Problem requirements
Using the listing below, retype exactly the lines starting at the one with "PLM20.16R0-32S5-LOC/OD-N-L : Casappa" and ending at the one with "Thecoopidea Sanrio Tappy", and include both.

Records shown
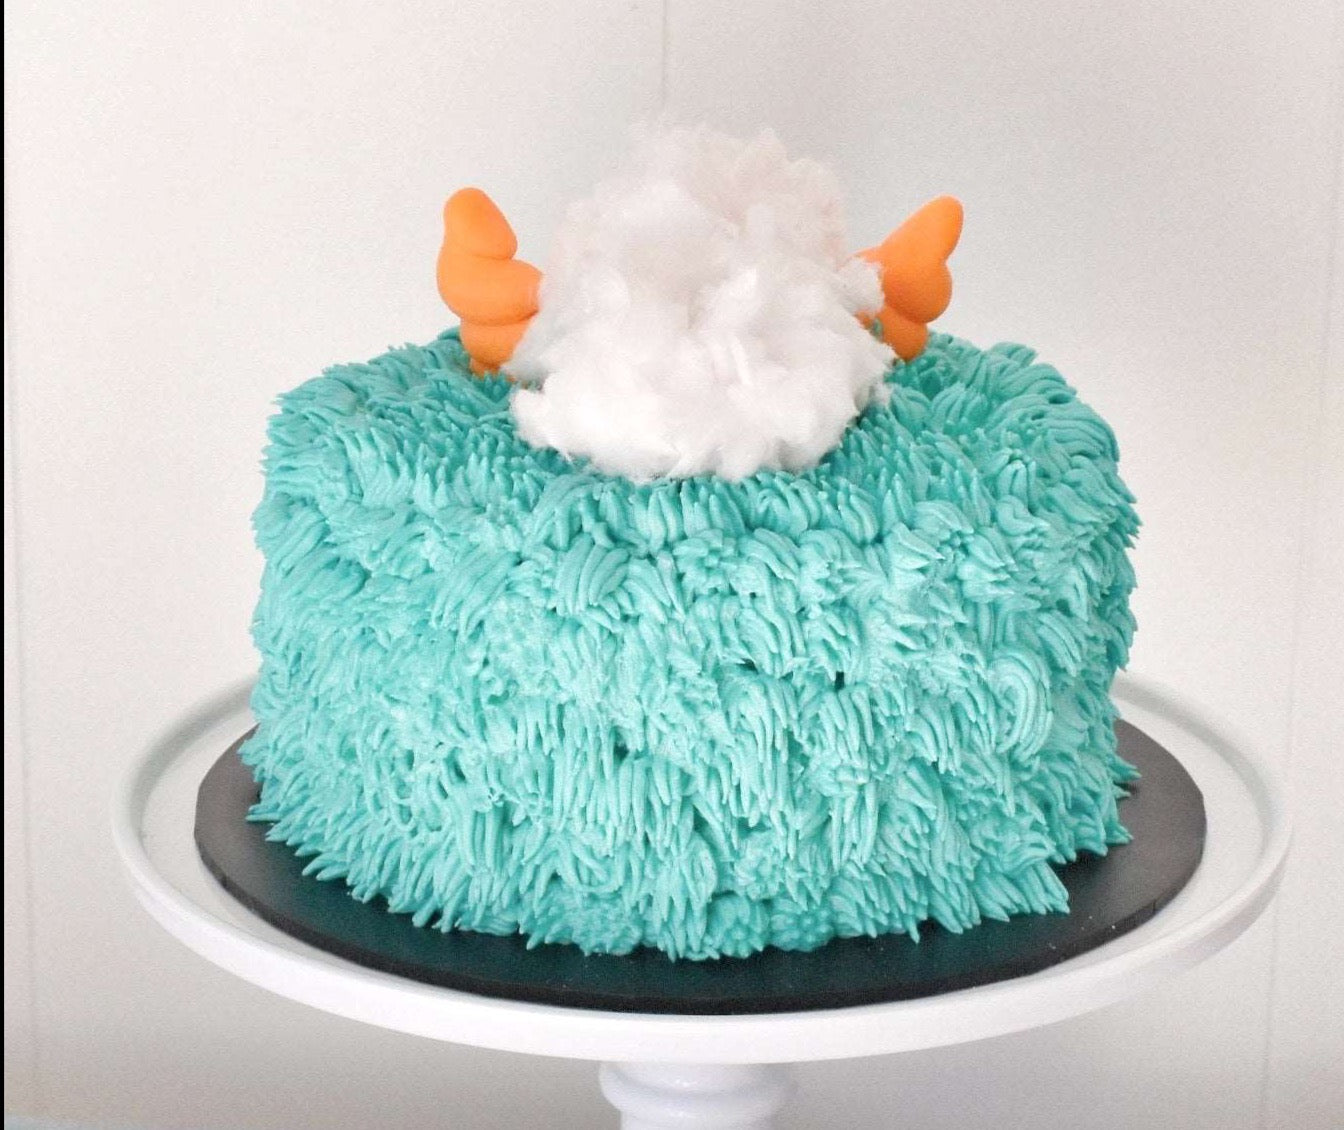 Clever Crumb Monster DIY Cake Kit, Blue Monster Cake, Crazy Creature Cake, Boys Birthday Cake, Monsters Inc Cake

* * *

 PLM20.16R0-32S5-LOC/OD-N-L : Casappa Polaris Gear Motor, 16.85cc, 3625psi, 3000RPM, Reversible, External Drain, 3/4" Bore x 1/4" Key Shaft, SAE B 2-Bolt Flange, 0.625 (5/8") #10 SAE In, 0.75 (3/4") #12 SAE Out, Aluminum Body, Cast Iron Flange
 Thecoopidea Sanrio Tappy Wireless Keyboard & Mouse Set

Answer area
 PLM20.16R0-32S5-LOC/OD-N-L : Casappa Polaris Gear Motor, 16.85cc, 3625psi, 3000RPM, Reversible, External Drain, 3/4" Bore x 1/4" Key Shaft, SAE B 2-Bolt Flange, 0.625 (5/8") #10 SAE In, 0.75 (3/4") #12 SAE Out, Aluminum Body, Cast Iron Flange
 Thecoopidea Sanrio Tappy Wireless Keyboard & Mouse Set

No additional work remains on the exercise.